Report created on May 26, 2026

Risk profile Info

4/7
Balanced
Less risk More risk

Diversification profile Info

3/5
Moderately Diversified
Less diversification More diversification

This portfolio is a simple four‑ETF, 100% equity mix built around broad global exposure plus value tilts. Half the allocation goes to a global all‑country index, creating a diversified core. Another 20% sits in a US large‑cap index, reinforcing the US weighting. The remaining 30% is split between developed and emerging markets value factor funds, which deliberately lean into cheaper‑priced stocks. Structurally, this is a straightforward, buy‑and‑hold style equity portfolio with no bonds or cash buffers. That clarity makes the behaviour easier to understand: it is designed to move with global stock markets, with an added twist from the value-tilted pieces that can cause it to behave differently from a plain index at times.

Growth Info

Over the measured period, €1,000 grew to about €1,782, a compound annual growth rate (CAGR) of 25.28%. CAGR is like average speed on a long drive, smoothing out bumps along the way. This comfortably outpaced both the US market and global market benchmarks, which delivered CAGRs of 21.91% and 20.85%. The portfolio’s worst peak‑to‑trough drop, or max drawdown, was -20.77%, similar to the benchmarks’ declines. The quick recovery within about five months suggests drawdowns, while sharp, have not been unusually prolonged. Only 27 trading days made up 90% of returns, underlining how a handful of strong days can drive overall performance and why staying invested has historically mattered.

Projection Info

The Monte Carlo projection uses past return and volatility patterns to simulate 1,000 possible future paths for the portfolio over 15 years. Think of it as running many “what if” weather forecasts for markets instead of just one straight-line prediction. The median outcome shows €1,000 potentially becoming about €2,760, with a central band from roughly €1,814 to €4,165. There’s also a wide possible range from around €923 to €7,802, reflecting that markets can deliver very different results over long stretches. An overall simulated annualised return of 8.08% is more modest than the recent historical CAGR, illustrating that past high returns do not automatically continue and that future outcomes can vary a lot.

Asset classes Info

  • Stocks
    100%

All holdings in this portfolio are equity ETFs, so the asset class split is a clean 100% stocks and 0% bonds or alternatives. That makes the overall risk profile directly tied to share market movements, without the dampening effect that bonds or cash can provide in downturns. From a diversification point of view, the portfolio spreads risk within equities across many companies and countries, but does not diversify across different asset classes. Many broad “balanced” reference portfolios mix equities and bonds; in contrast, this structure behaves more like a pure growth engine, which historically offers higher potential returns but also more pronounced ups and downs along the way.

Sectors Info

  • Technology
    34%
  • Financials
    15%
  • Industrials
    9%
  • Consumer Discretionary
    9%
  • Telecommunications
    8%
  • Health Care
    7%
  • Energy
    5%
  • Consumer Staples
    4%
  • Basic Materials
    4%
  • Utilities
    2%
  • Real Estate
    2%

Sector exposure is clearly tilted toward technology at 34%, with the next largest areas being financials at 15% and industrials and consumer discretionary at 9% each.

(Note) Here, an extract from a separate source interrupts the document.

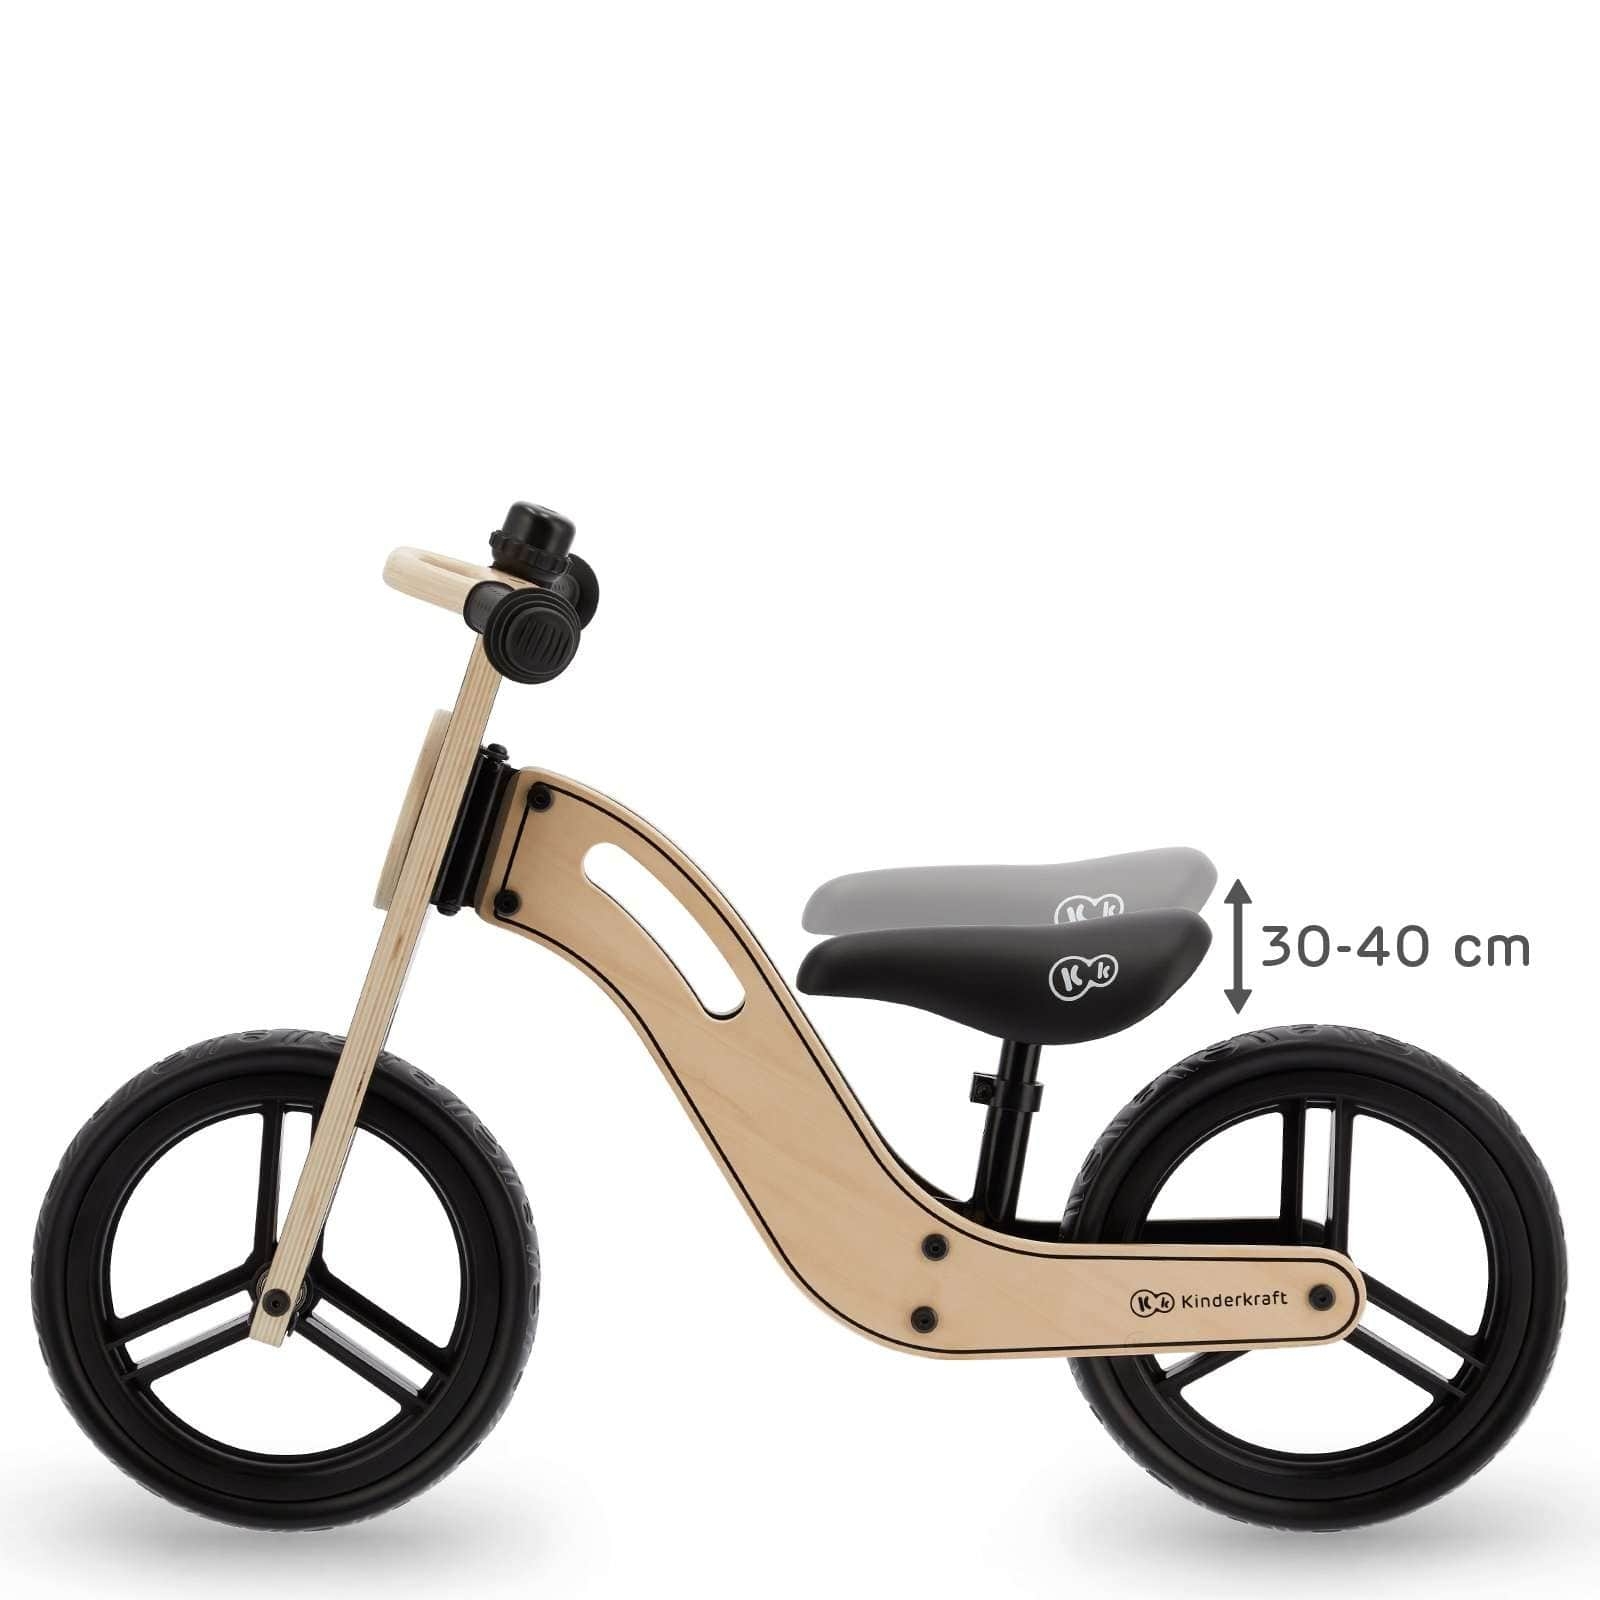 دراجة هوائية للاطفال بدون دواسات كندركرافت Kinderkraft Balance UNIQ natural - 4}

This is somewhat tech‑heavier than many global benchmarks, where technology is large but not always this dominant. A tech‑heavy profile can benefit strongly when innovation and digital platforms lead market gains, but it may feel sharper swings during periods of rising interest rates or when sentiment turns against growth‑oriented businesses. The presence of more defensive areas like health care, consumer staples, and utilities, though smaller, still offers some balance by providing exposure to sectors that often behave differently across economic cycles.

Regions Info

  • North America
    62%
  • Europe Developed
    12%
  • Asia Developed
    10%
  • Asia Emerging
    6%
  • Japan
    6%
  • Latin America
    2%
  • Africa/Middle East
    1%
  • Australasia
    1%

Geographically, the portfolio leans strongly into North America at 62%, compared with many global indices where the US is also dominant but sometimes a little lower. Europe developed at 12% and Asia developed at 10% provide additional anchors, while Japan and emerging regions add further spread. Exposure to Asia emerging (6%), Latin America (2%), and Africa/Middle East (1%) offers a foothold in faster‑growing but more volatile markets. Overall, this mirrors the common global pattern of US leadership with meaningful, though smaller, weights elsewhere. That alignment with global market weights supports broad diversification, while still accepting that a lot of portfolio behaviour will be driven by what happens in the US.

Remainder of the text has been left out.